» **TASK PROMPT**
Look below for the line containing "Sale 1 bedroom-(s)"; from there, print each line exactly up to and including the line containing "エンパイアステートビル展望台から見た夜景 ニューヨーク の写真を無料ダウンロード", and stop.

» **RECORDS SHOWN**
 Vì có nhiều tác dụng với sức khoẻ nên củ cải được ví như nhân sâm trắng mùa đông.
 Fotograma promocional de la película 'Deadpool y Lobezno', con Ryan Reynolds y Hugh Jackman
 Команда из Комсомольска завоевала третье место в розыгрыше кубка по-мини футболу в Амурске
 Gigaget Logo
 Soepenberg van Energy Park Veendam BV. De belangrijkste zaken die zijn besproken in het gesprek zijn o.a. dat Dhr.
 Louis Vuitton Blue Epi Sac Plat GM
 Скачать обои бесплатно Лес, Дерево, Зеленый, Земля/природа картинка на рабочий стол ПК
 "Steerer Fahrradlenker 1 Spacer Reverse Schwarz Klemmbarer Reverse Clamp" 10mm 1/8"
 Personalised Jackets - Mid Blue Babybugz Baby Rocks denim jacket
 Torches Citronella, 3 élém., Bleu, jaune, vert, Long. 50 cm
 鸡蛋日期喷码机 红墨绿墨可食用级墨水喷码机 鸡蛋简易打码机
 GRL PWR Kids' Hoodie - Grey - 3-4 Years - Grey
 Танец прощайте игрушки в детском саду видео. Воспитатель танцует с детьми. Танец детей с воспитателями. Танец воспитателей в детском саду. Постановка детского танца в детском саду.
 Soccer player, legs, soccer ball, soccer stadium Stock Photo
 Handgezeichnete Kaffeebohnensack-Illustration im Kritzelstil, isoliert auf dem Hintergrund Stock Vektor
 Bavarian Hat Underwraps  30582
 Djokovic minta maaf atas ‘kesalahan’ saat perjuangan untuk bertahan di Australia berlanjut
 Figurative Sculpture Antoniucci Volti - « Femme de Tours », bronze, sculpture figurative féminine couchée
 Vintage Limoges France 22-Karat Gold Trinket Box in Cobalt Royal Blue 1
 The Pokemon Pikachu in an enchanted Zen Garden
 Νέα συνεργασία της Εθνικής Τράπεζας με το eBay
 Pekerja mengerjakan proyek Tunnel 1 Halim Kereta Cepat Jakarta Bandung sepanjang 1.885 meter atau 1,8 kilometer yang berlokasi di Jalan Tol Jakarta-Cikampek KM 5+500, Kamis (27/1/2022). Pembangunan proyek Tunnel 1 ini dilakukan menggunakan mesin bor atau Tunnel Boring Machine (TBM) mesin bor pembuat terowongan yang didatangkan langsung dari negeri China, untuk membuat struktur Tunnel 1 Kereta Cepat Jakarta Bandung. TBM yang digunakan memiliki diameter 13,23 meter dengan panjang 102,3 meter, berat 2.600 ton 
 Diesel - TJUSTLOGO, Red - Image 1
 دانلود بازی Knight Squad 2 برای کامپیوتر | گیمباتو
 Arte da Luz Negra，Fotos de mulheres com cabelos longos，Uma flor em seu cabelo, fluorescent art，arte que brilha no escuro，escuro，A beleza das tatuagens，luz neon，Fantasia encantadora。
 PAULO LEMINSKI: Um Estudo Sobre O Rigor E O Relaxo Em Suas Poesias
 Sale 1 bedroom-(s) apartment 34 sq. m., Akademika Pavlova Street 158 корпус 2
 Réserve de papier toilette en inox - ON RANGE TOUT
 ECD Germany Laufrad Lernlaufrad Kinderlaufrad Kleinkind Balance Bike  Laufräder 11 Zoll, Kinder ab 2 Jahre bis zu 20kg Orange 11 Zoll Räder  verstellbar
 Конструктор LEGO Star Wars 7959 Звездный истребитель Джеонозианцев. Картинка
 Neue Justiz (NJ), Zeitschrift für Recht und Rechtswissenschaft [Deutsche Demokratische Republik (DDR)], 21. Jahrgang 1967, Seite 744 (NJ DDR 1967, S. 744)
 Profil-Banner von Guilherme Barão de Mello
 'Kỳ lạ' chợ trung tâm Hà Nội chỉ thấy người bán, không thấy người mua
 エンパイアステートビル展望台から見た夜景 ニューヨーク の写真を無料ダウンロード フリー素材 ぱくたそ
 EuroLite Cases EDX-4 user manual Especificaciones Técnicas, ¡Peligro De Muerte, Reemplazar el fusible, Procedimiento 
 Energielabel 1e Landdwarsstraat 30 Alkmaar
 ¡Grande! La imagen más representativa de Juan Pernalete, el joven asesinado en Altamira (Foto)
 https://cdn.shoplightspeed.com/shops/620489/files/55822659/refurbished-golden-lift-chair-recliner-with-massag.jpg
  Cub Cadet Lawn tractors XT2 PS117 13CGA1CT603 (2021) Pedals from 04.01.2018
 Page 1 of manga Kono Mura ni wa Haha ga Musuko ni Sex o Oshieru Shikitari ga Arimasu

» **RESPONSE AREA**
 Sale 1 bedroom-(s) apartment 34 sq. m., Akademika Pavlova Street 158 корпус 2
 Réserve de papier toilette en inox - ON RANGE TOUT
 ECD Germany Laufrad Lernlaufrad Kinderlaufrad Kleinkind Balance Bike  Laufräder 11 Zoll, Kinder ab 2 Jahre bis zu 20kg Orange 11 Zoll Räder  verstellbar
 Конструктор LEGO Star Wars 7959 Звездный истребитель Джеонозианцев. Картинка
 Neue Justiz (NJ), Zeitschrift für Recht und Rechtswissenschaft [Deutsche Demokratische Republik (DDR)], 21. Jahrgang 1967, Seite 744 (NJ DDR 1967, S. 744)
 Profil-Banner von Guilherme Barão de Mello
 'Kỳ lạ' chợ trung tâm Hà Nội chỉ thấy người bán, không thấy người mua
 エンパイアステートビル展望台から見た夜景 ニューヨーク の写真を無料ダウンロード フリー素材 ぱくたそ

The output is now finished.